BACKGROUND OF THE INVENTION 1. Field of the Invention The present invention relates to AC / AC isolation measuring transducers for an electrical voltage or current.

BACKGROUND OF THE INVENTION

The alternating current circuits for measurement purposes, which also provide the galvanic isolation function of the transmitter output circuit from the circuit being measured, are based on the transmission of electric current through a magnetic field, an electric field in capacitors, or an electromagnetic field in optical transmission elements. The known circuits work in principle either with direct conversion by means of a magnetic field generated by the measured current or by converting the measured current to an auxiliary quantity which is transferred via a magnetic, electric or electromagnetic field to the galvanically isolated part of the circuit. . Transmitters based on the Snake phenomenon are also known which directly convert the magnetic field created by the measured current to the output voltage, but the accuracy of the conversion is limited by the relatively low stability of the parameters of the Snake probes. Therefore, they are virtually not used in precision applications. The advantage of current transmission through the magnetic field in transformers is that the transmission is direct, and hence in principle allows maximum transmission accuracy. For this reason, only transformers are practically used for accurate conversion. The disadvantage of direct current transfer through the transformer is that the presence of a DC component in the measured current affects the magnetic properties of the transformer core and thus reduces the accuracy of the transfer. Methods of electronic compensation of the influence of the direct current component of the measured current on the transmission are known, their common disadvantage is the need for a complicated electronic and magnetic circuit, which brings a considerable increase in realization costs.

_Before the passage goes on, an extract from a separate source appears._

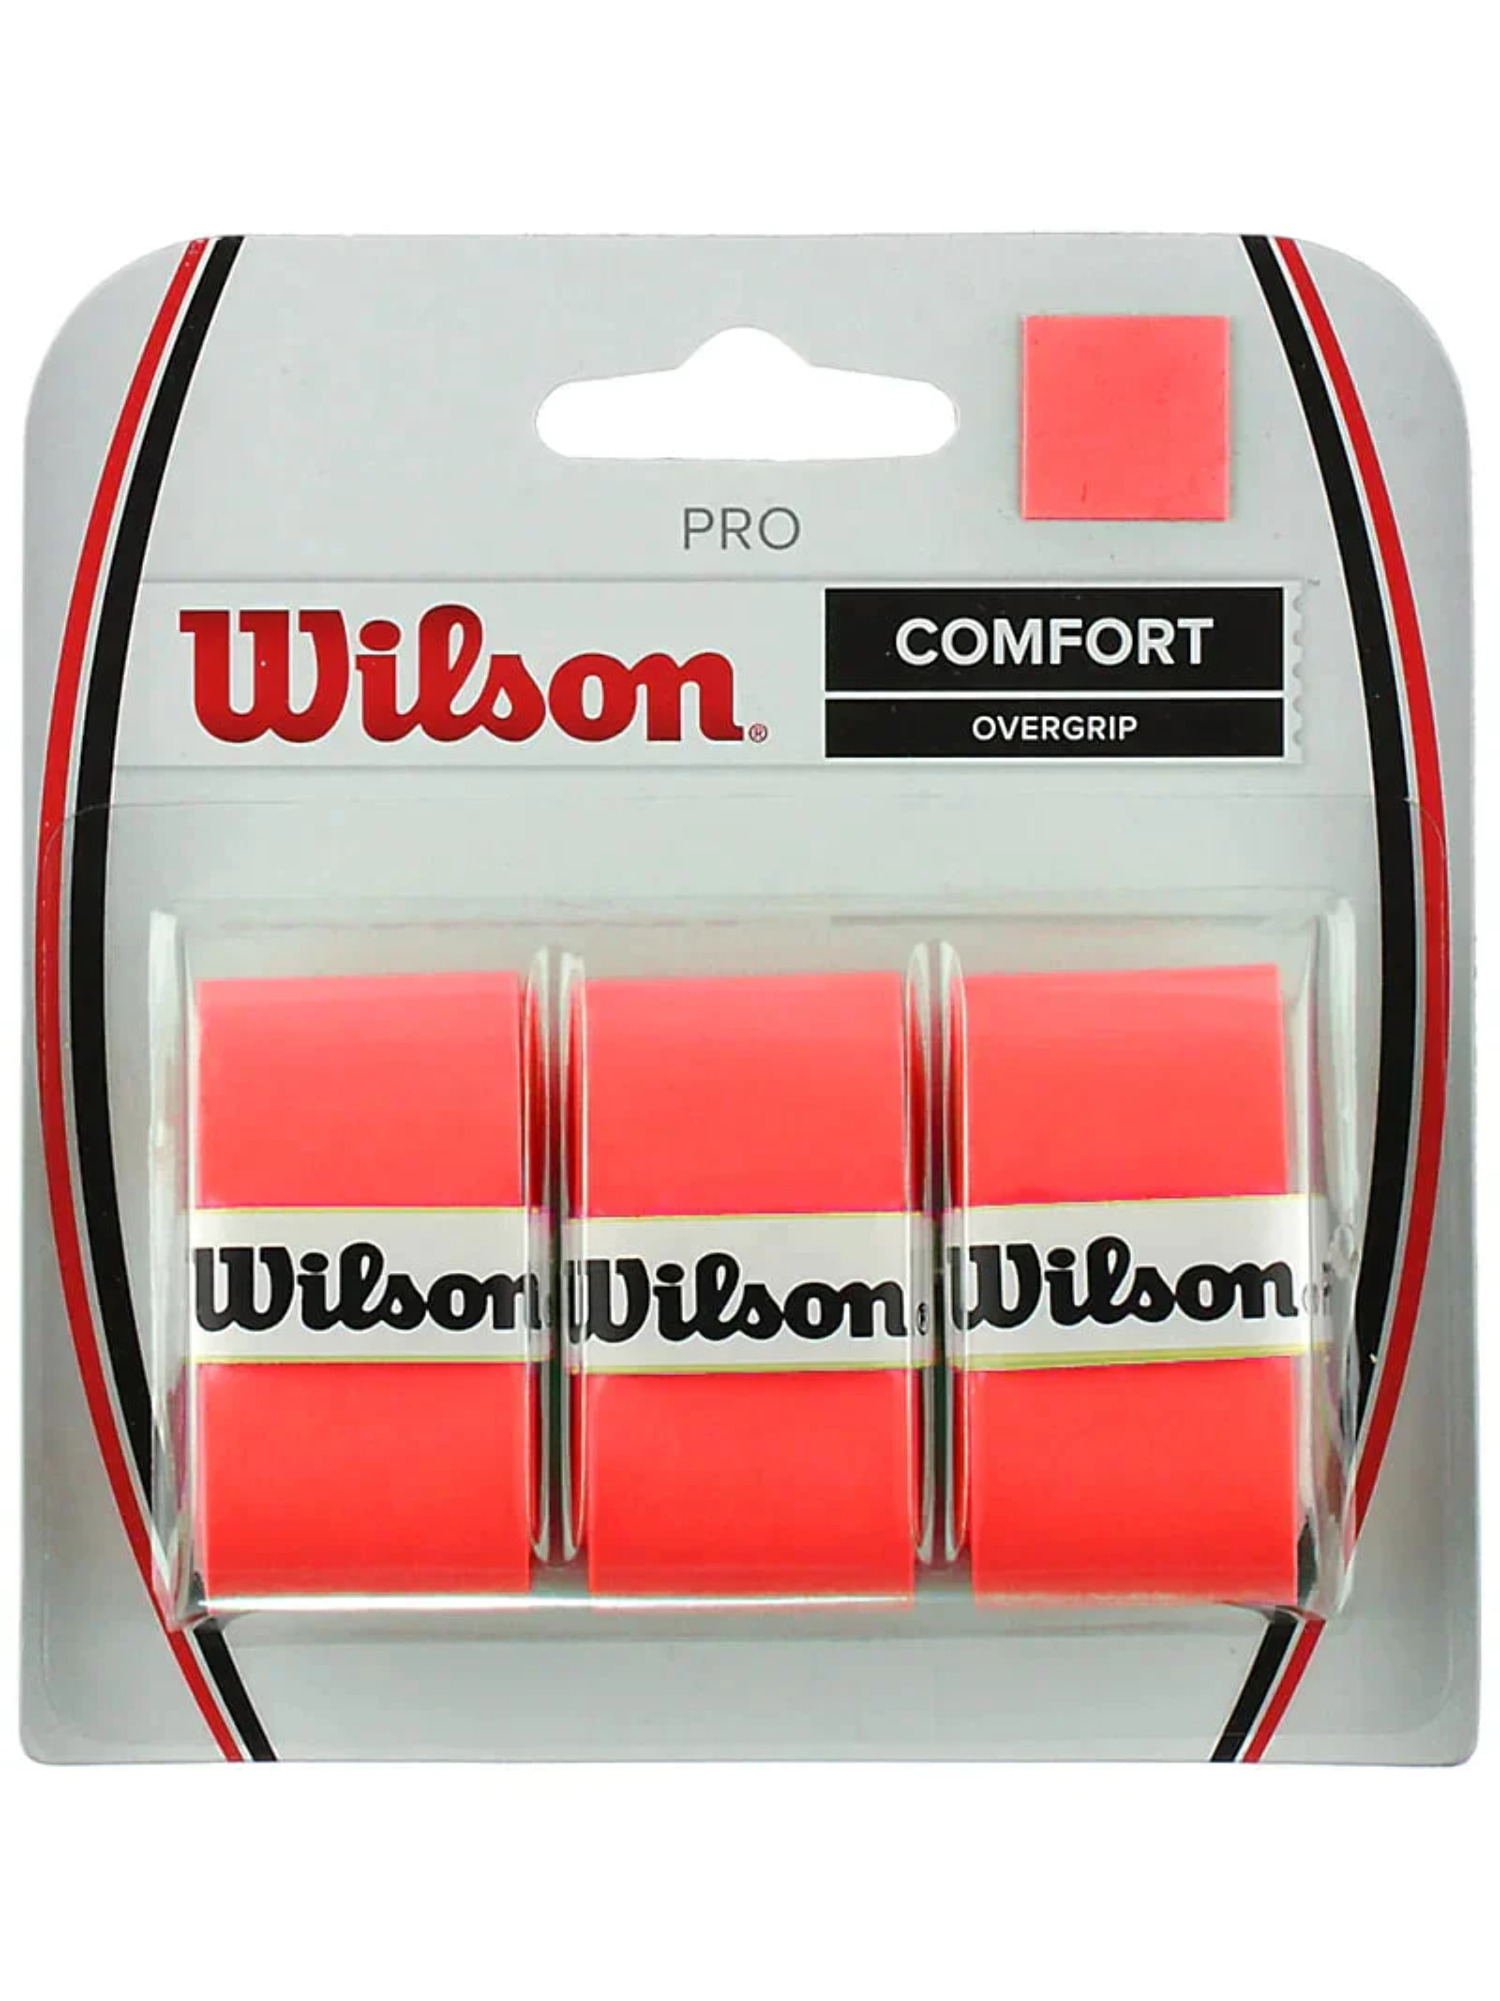 Wilson Pro Tennis Racquet Over Grip, Pack of 3 (Pink) - image 2 of 2
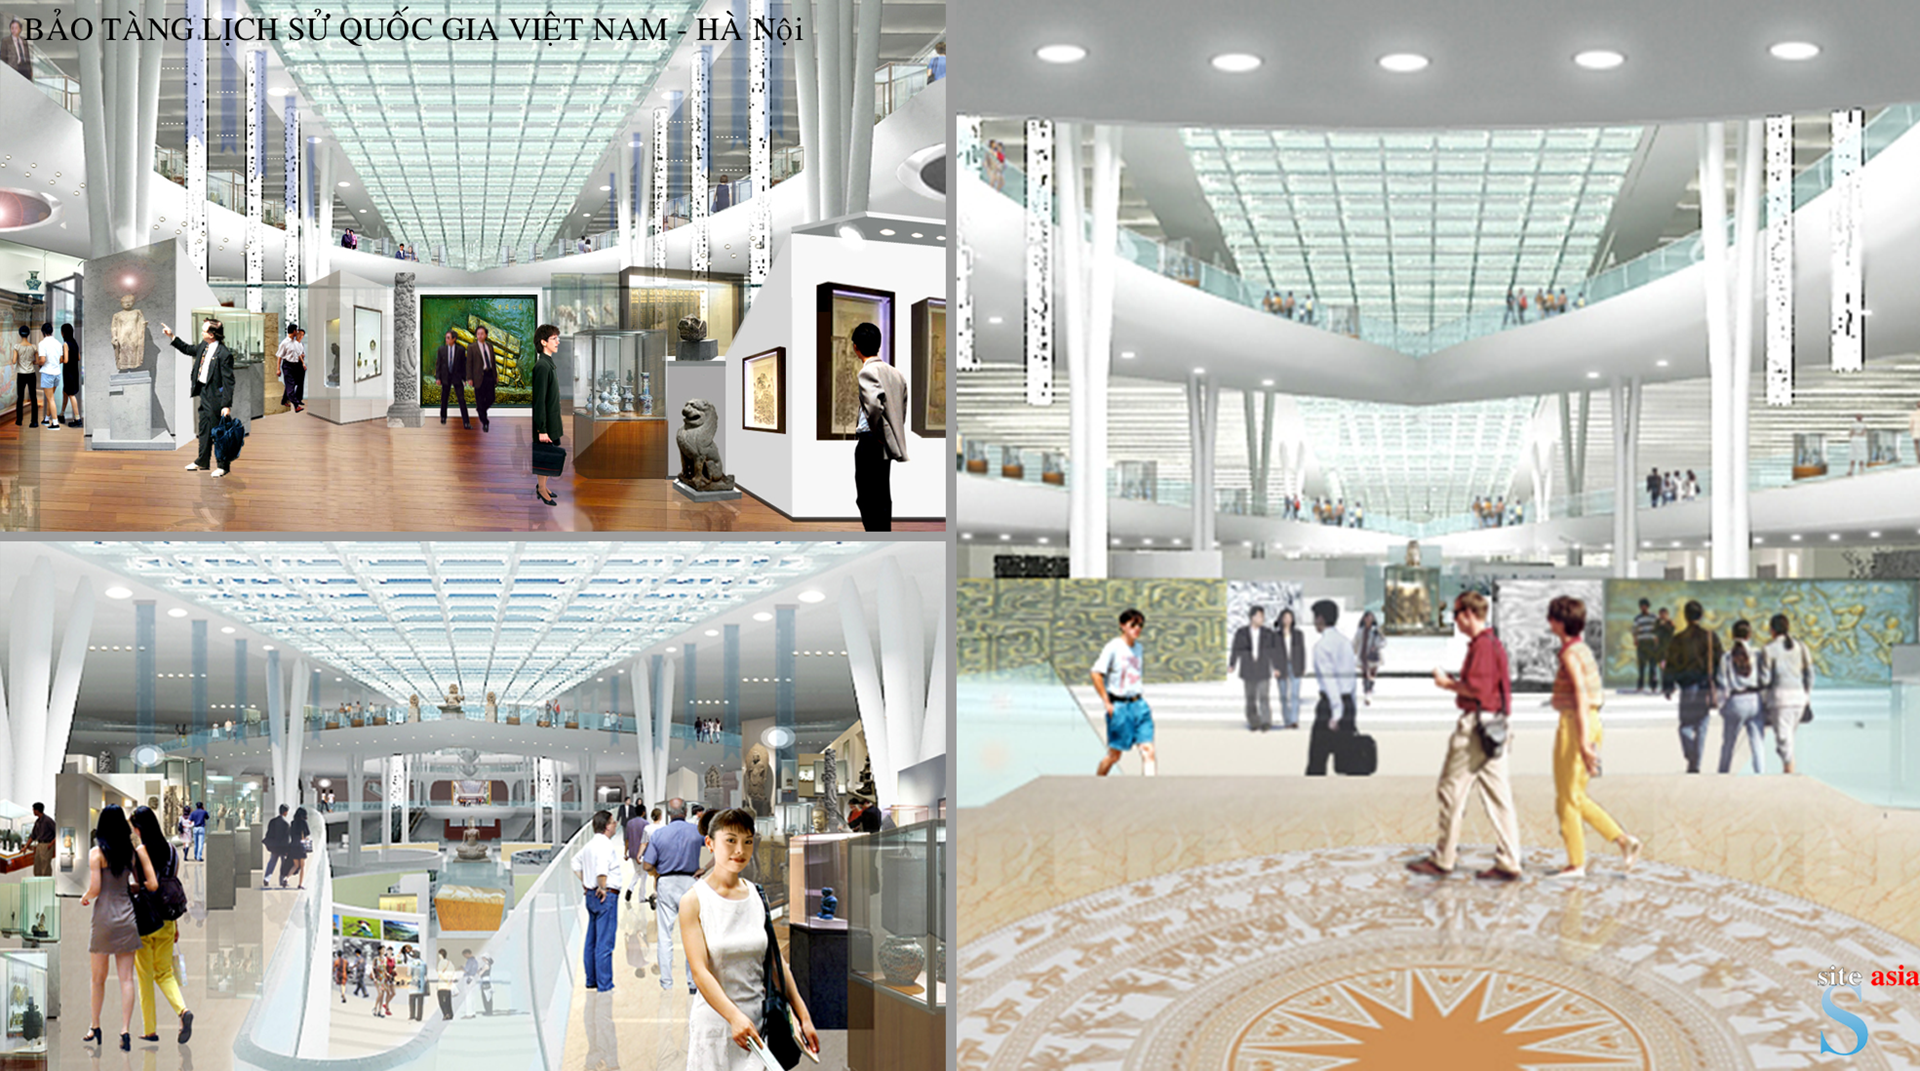 Vietnam National Museum of History  – Ha Noi  Museography & Interior Design

There is also known a method of transferring alternating current without a ferromagnetic core, in which the measuring transducer consists of an excitation winding, from which a voltage is induced into the sensing winding via mutual inductance and this output voltage is then phase corrected in an electronic phasing circuit. Due to the problematic suppression of the influence of external magnetic fields, this method is only used for high frequency applications.

SUMMARY OF THE INVENTION

AC measuring transducer consisting of an excitation winding and a sensing winding connected to the input of an electronic phasing circuit. The drive winding conductor is shaped into a planar or spatial periodic array of parallel sections of the conductor, which are oriented in such a way that the electric current in opposite parallel sections is opposite to one another. This conductor arrangement creates a periodic spatial magnetic field in the space filled by the excitation winding. Outside this space, the magnetic field quickly disappears. The sensing winding formed by the conductor guided in parallel with the excitation winding is oriented synchronously with the periodic magnetic field and therefore the partial contributions of the periodic field-induced voltage in the sensing winding are calculated. The external magnetic field has little effect on the resulting induced voltage, since its partial contributions are compensated for each other in opposite directions. Another advantage of the spatial arrangement of the excitation winding according to the invention is the rapid disappearance of the magnetic field of the excitation winding outside this winding, which is manifested also by the reduction of the influence of the surrounding properties on the mutual coupling of the excitation and sensing windings.

By shielding the electrically conductive material placed between the excitation and sensing winding conductors, it is possible to suppress the parasitic capacitive transmission of the voltage signal from the excitation to the sensing winding.

Placing the excitation winding and sensing winding together in the cavity of the electrically conductive material body reduces the coupling of both windings to the environment, thereby reducing the radiation, the effect of the environment on the coupling coefficient and the sensitivity of the transmitter to external magnetic fields.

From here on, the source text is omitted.